What the task asks —
In the entries below, find the line with "Педикюрное кресло трехмоторное" and the line with "Ferrari Ferrari black"; reproduce those two lines and all lines between them exactly, without pictures.

Listed records —

++++++++++

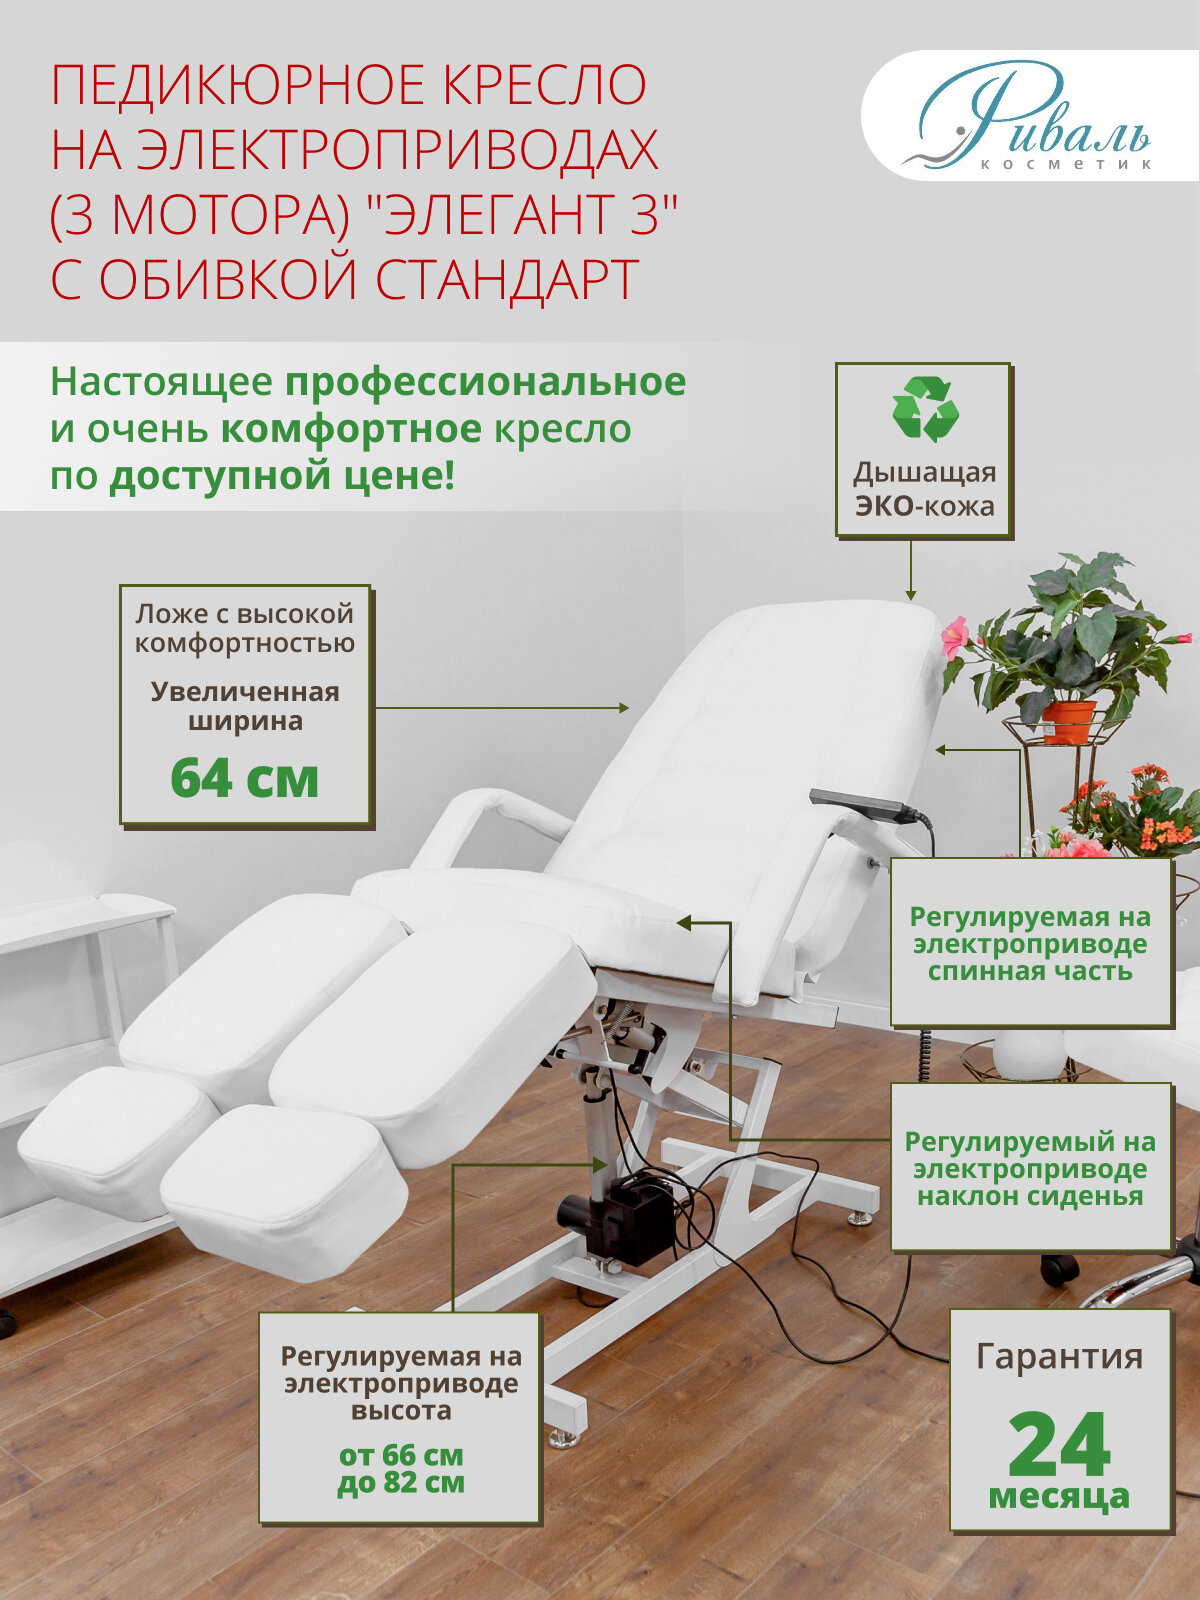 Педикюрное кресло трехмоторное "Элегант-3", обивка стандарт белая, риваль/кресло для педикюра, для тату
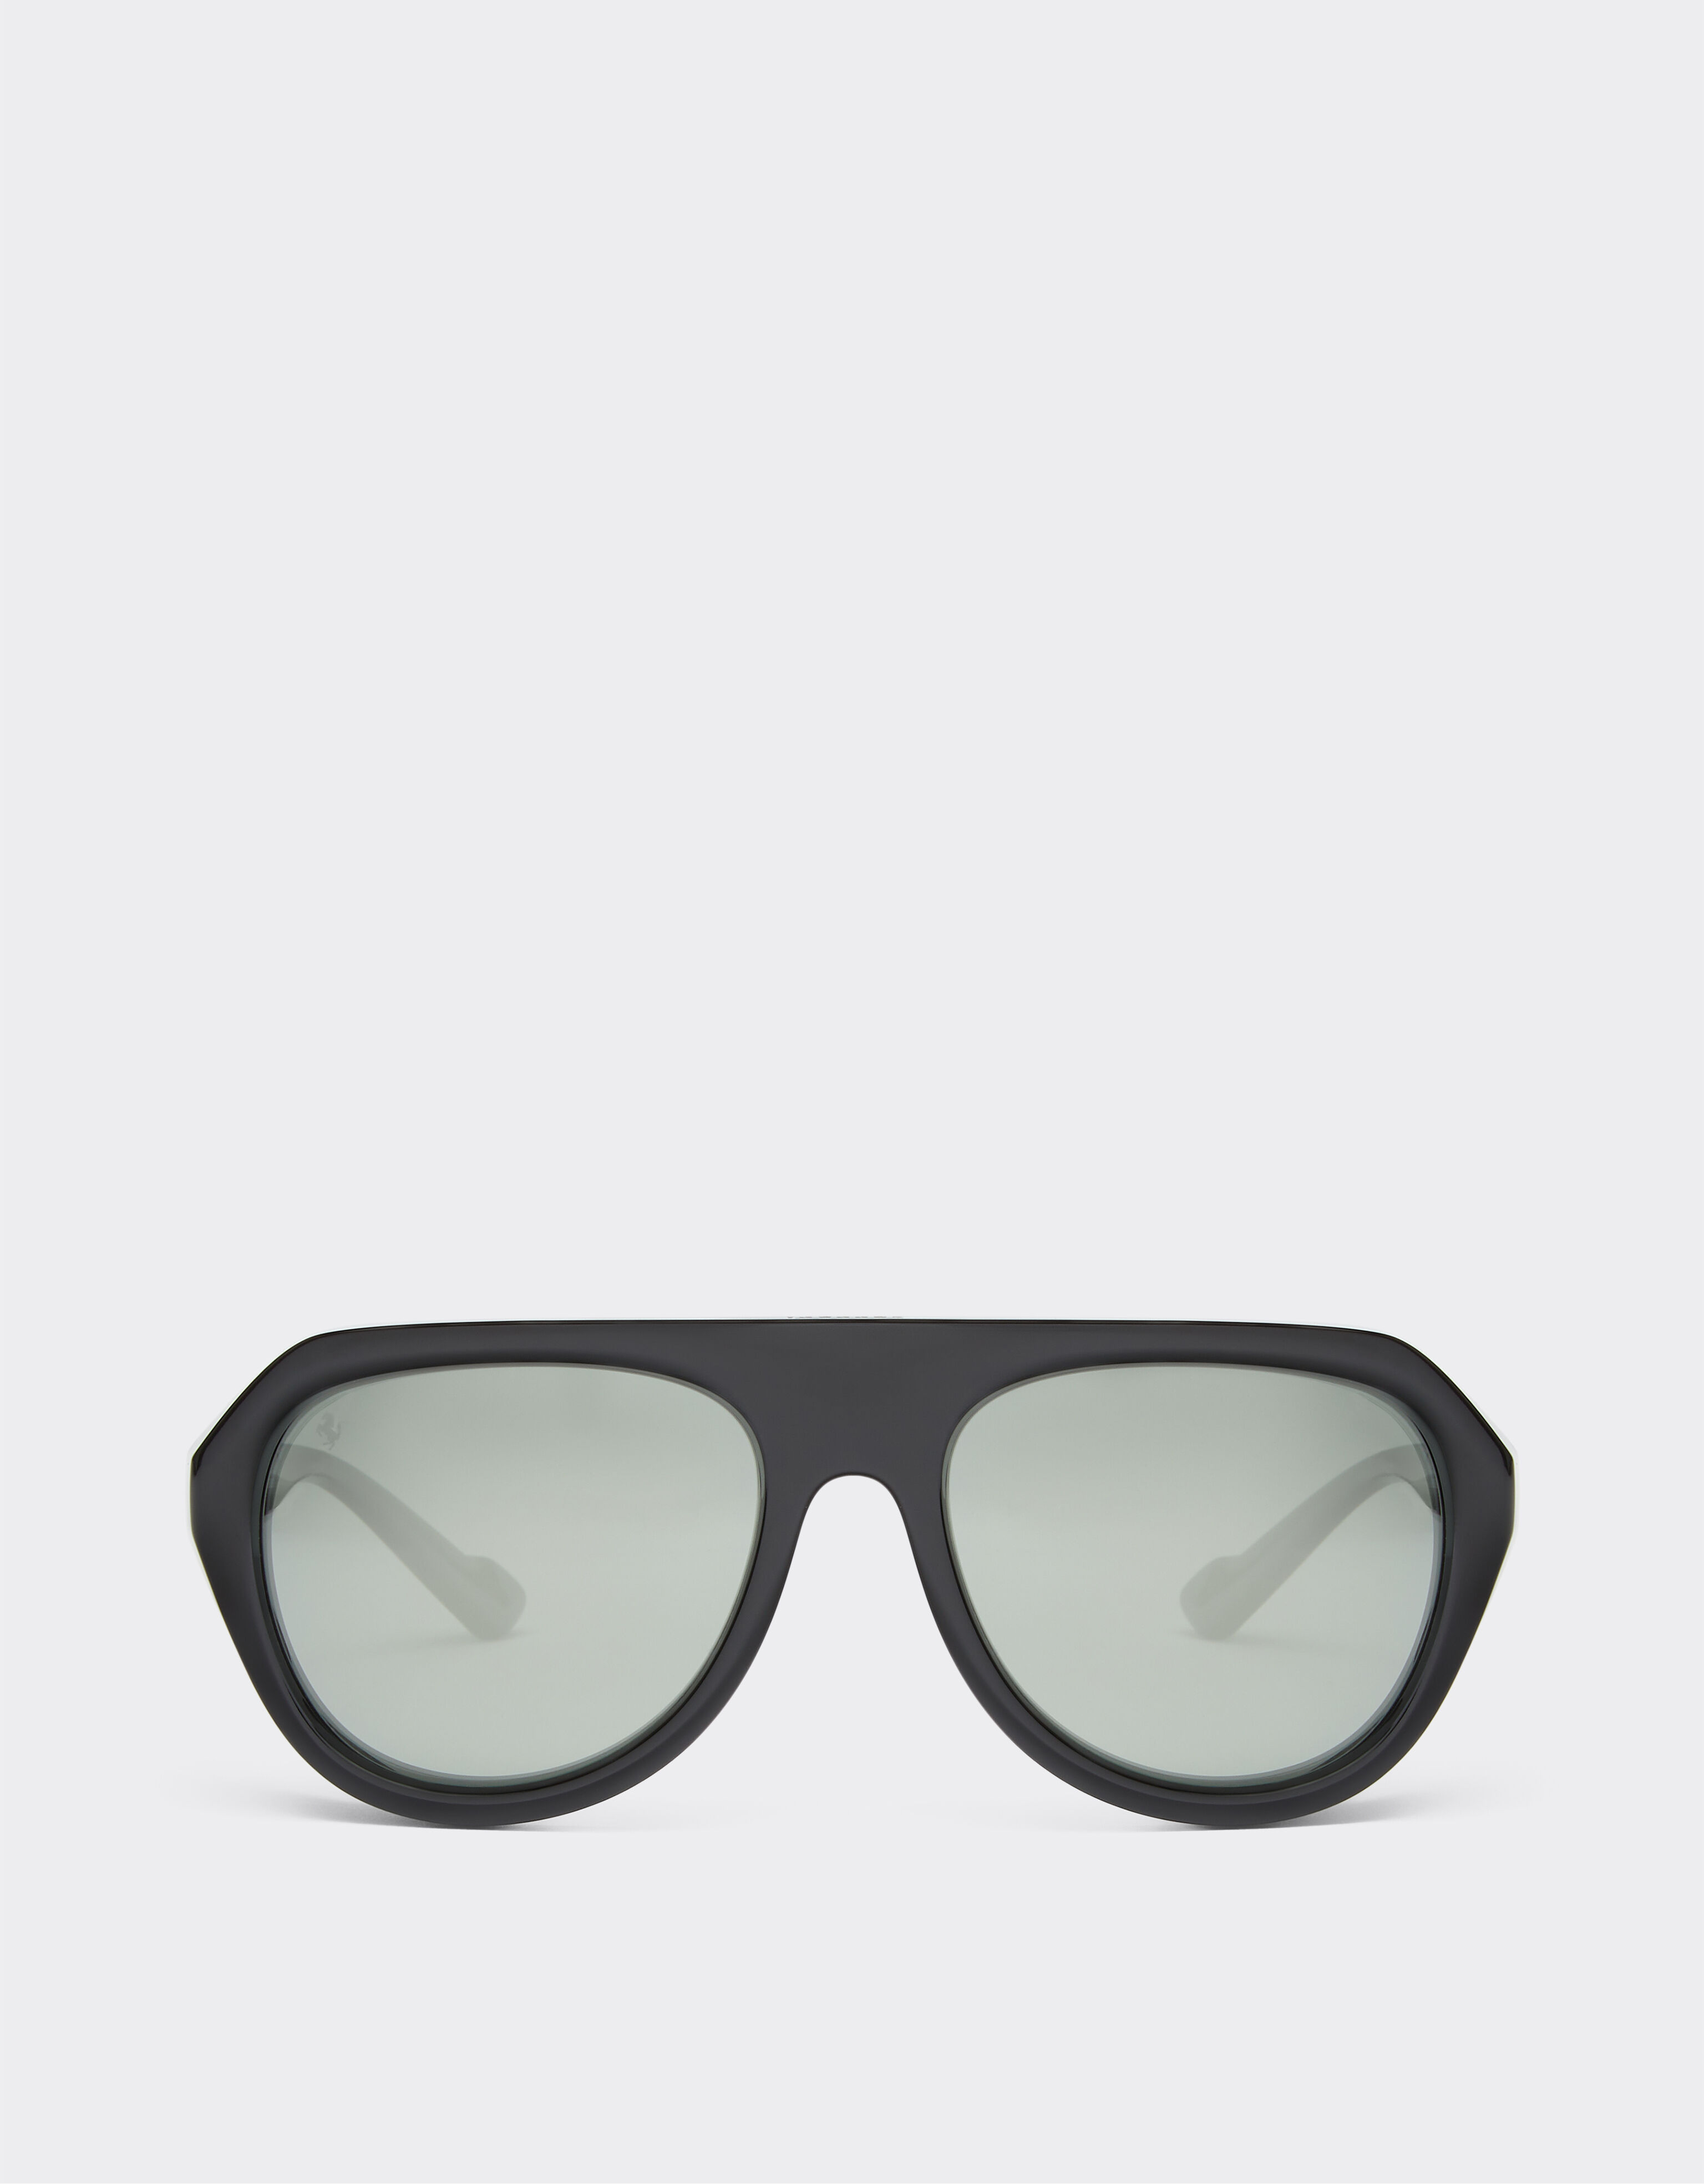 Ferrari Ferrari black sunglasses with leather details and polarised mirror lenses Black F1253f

++++++++++

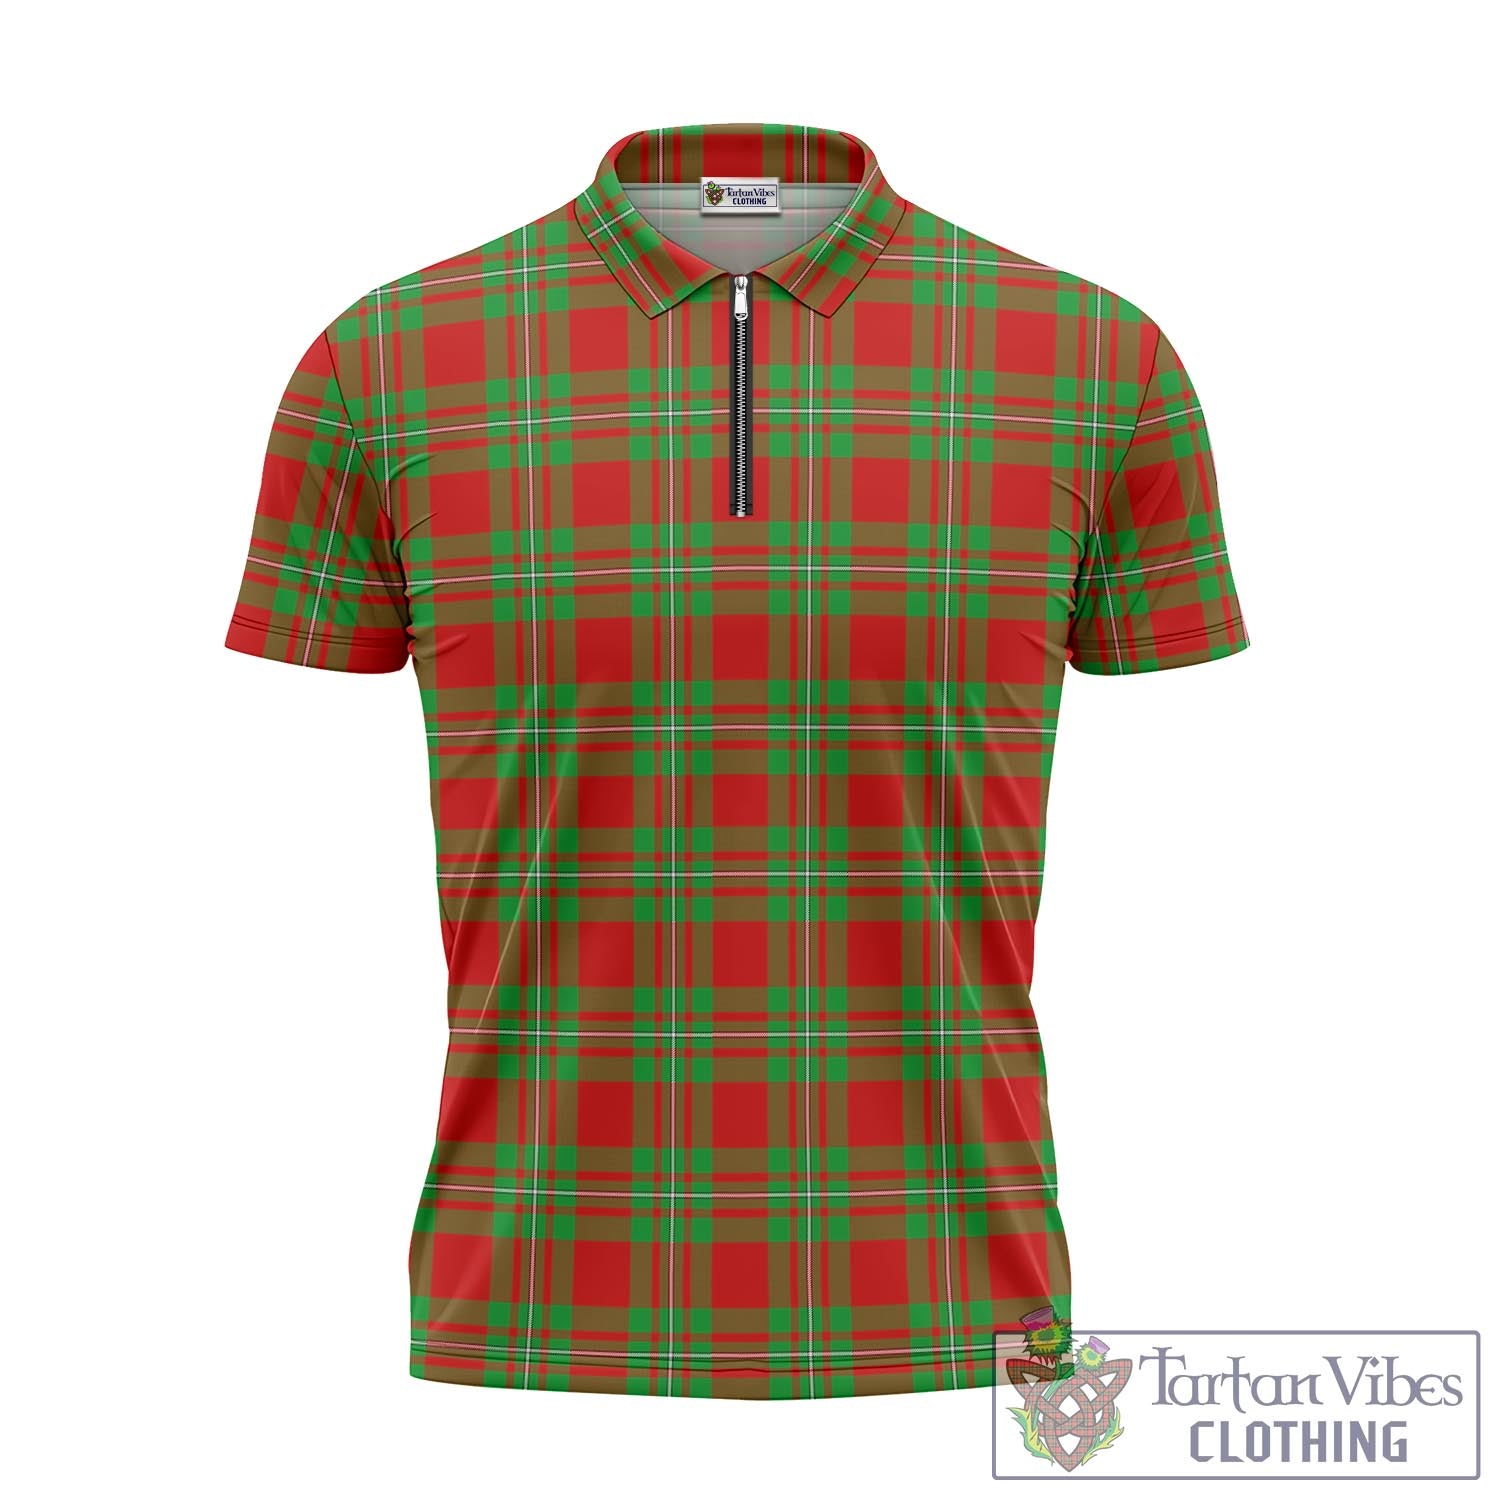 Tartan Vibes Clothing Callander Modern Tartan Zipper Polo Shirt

++++++++++

Result of the task —
 Педикюрное кресло трехмоторное "Элегант-3", обивка стандарт белая, риваль/кресло для педикюра, для тату
 Ferrari Ferrari black sunglasses with leather details and polarised mirror lenses Black F1253f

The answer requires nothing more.